Section 3. Authorization and Approval of the
Project, Loan Agreement, Indenture, Mortgage and Guaranty.
The Municipality is hereby authorized to provide
for the construction and equipping of the Project and
pledge and assign the revenues therefrom and its interest
in the Loan Agreement, all as provided in the Loan
Agreement and the Indenture. The forms of Loan Agreement,
Indenture, Mortgage, Guaranty and Bond Purchase Agreement
referred to in Section 1.05 are approved subject to such
modifications as are deemed appropriate and approved by
the City Attorney and the Mayor, which approval shall be
conclusively evidenced by execution of the Loan Agreement,
the Bond Purchase Agreement, the Indenture and the Bonds
by the Mayor and City Manager. The Mayor and City Manager
are directed to execute the Loan Agreement upon execution
thereof by the Company, the Bond Purchase Agreement upon
execution thereof by the Company, the Guarantor and the
Underwriter, and the Indenture upon execution thereof by
the Trustee. Copies of all the documents shall be
delivered, filed and recorded as provided therein. The
Mayor and City Manager are also authorized and directed to
execute such other instruments as may be required to give
effect to the transaction herein contemplated.

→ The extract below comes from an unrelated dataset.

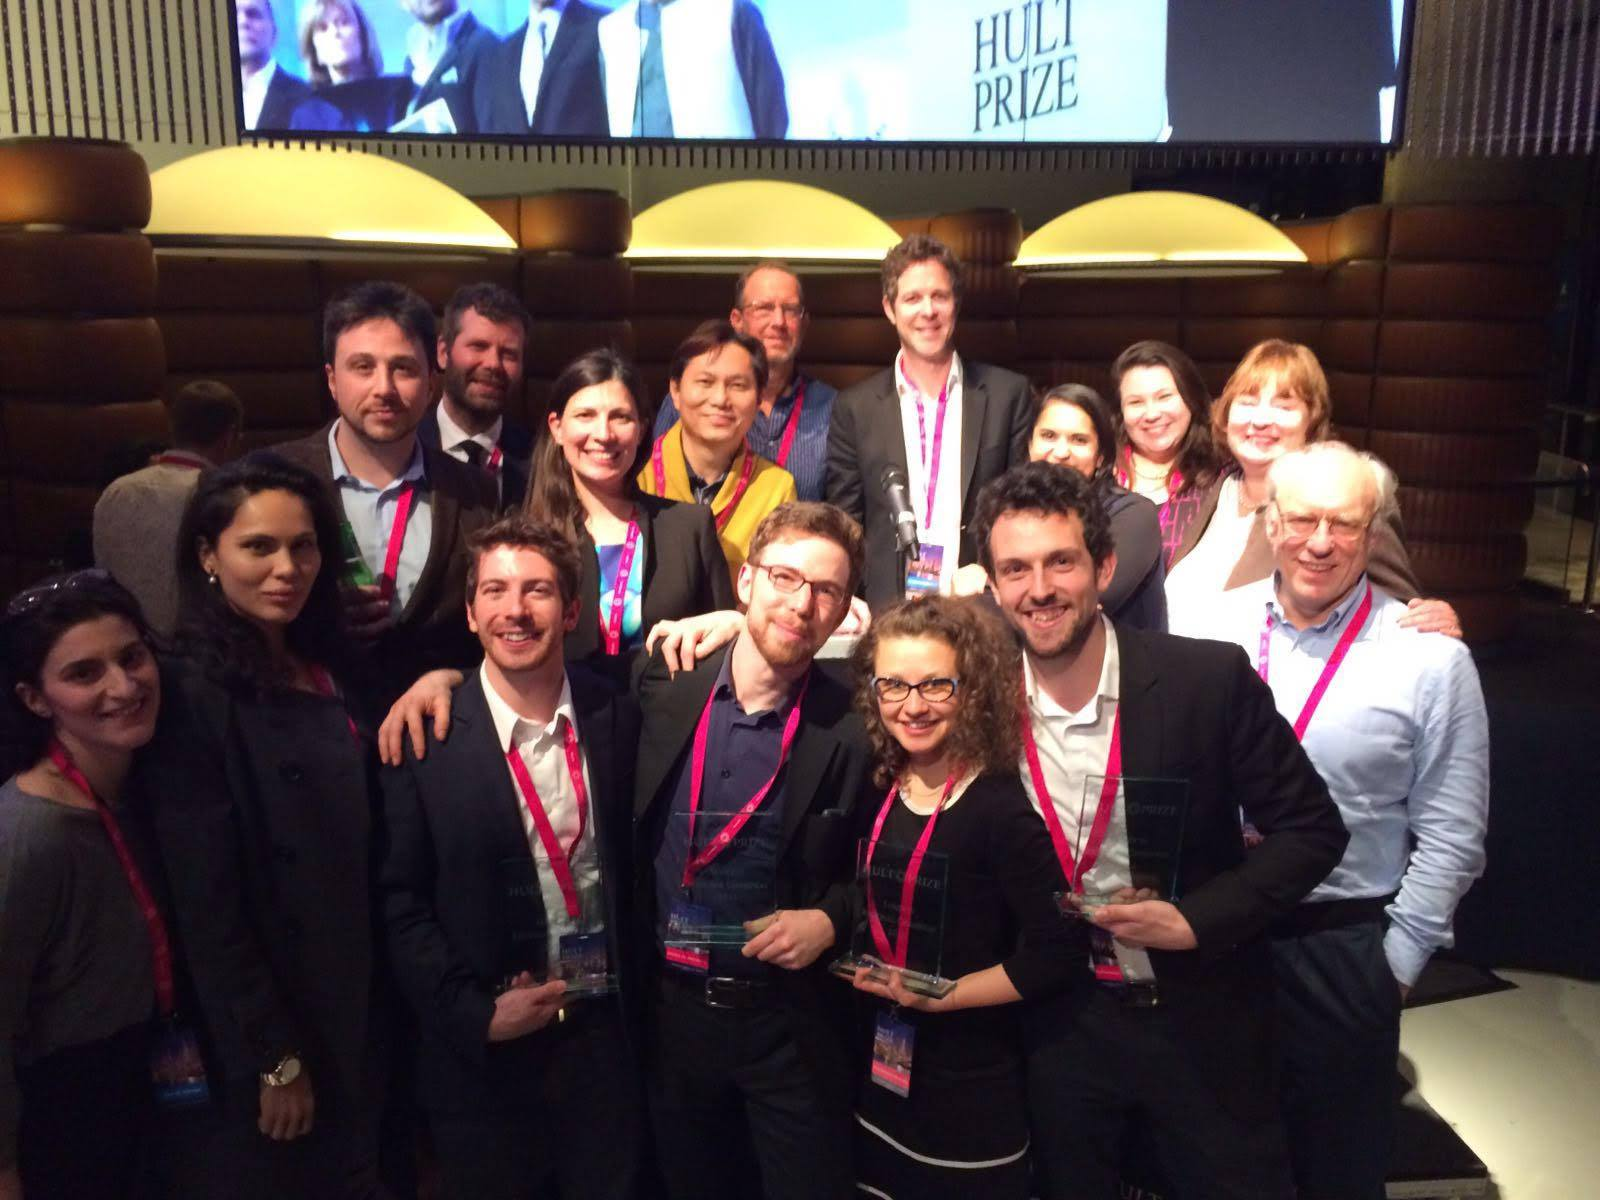 Gates Cambridge Hult Prize success
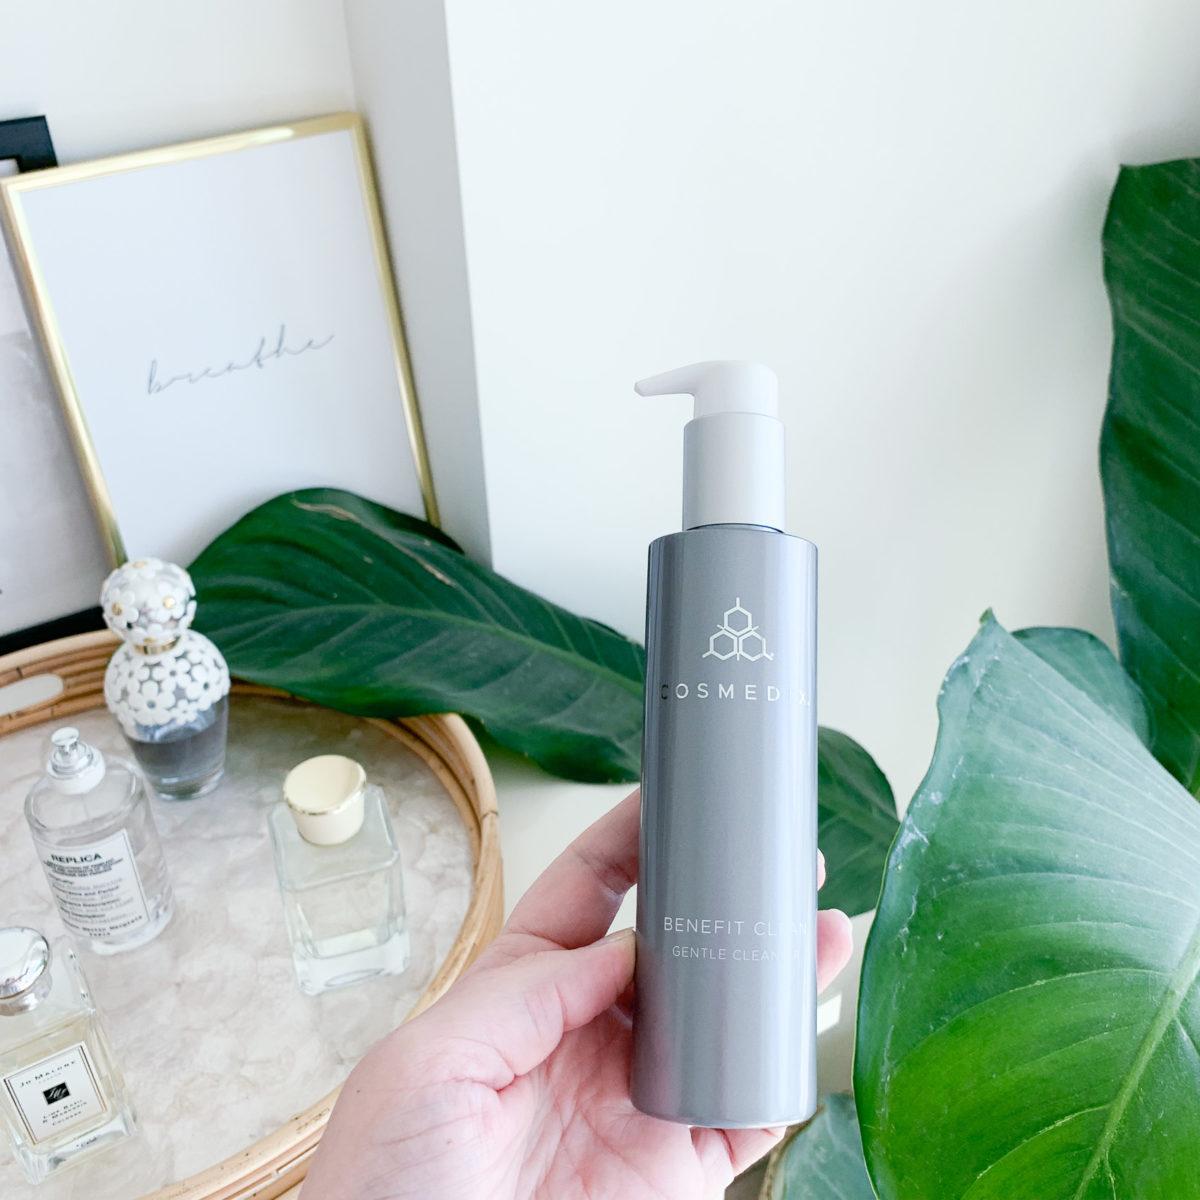 Cosmedix Benefit Clean Gentle Cleanser - Claire Baker

Section 4. Official Statement.
The Underwriter proposes to offer the Bonds for
sale by means of an Official Statement (the Official
Statement) dated October 1, 1979, which has been prepared
and presented to this Council, has been reviewed and is
hereby approved. The Council hereby consents to the use
of the Official Statement by the Underwriter in the offer
and sale of the Bonds, if necessary.
Section 5. The Bonds; Terms, Sale and Execution.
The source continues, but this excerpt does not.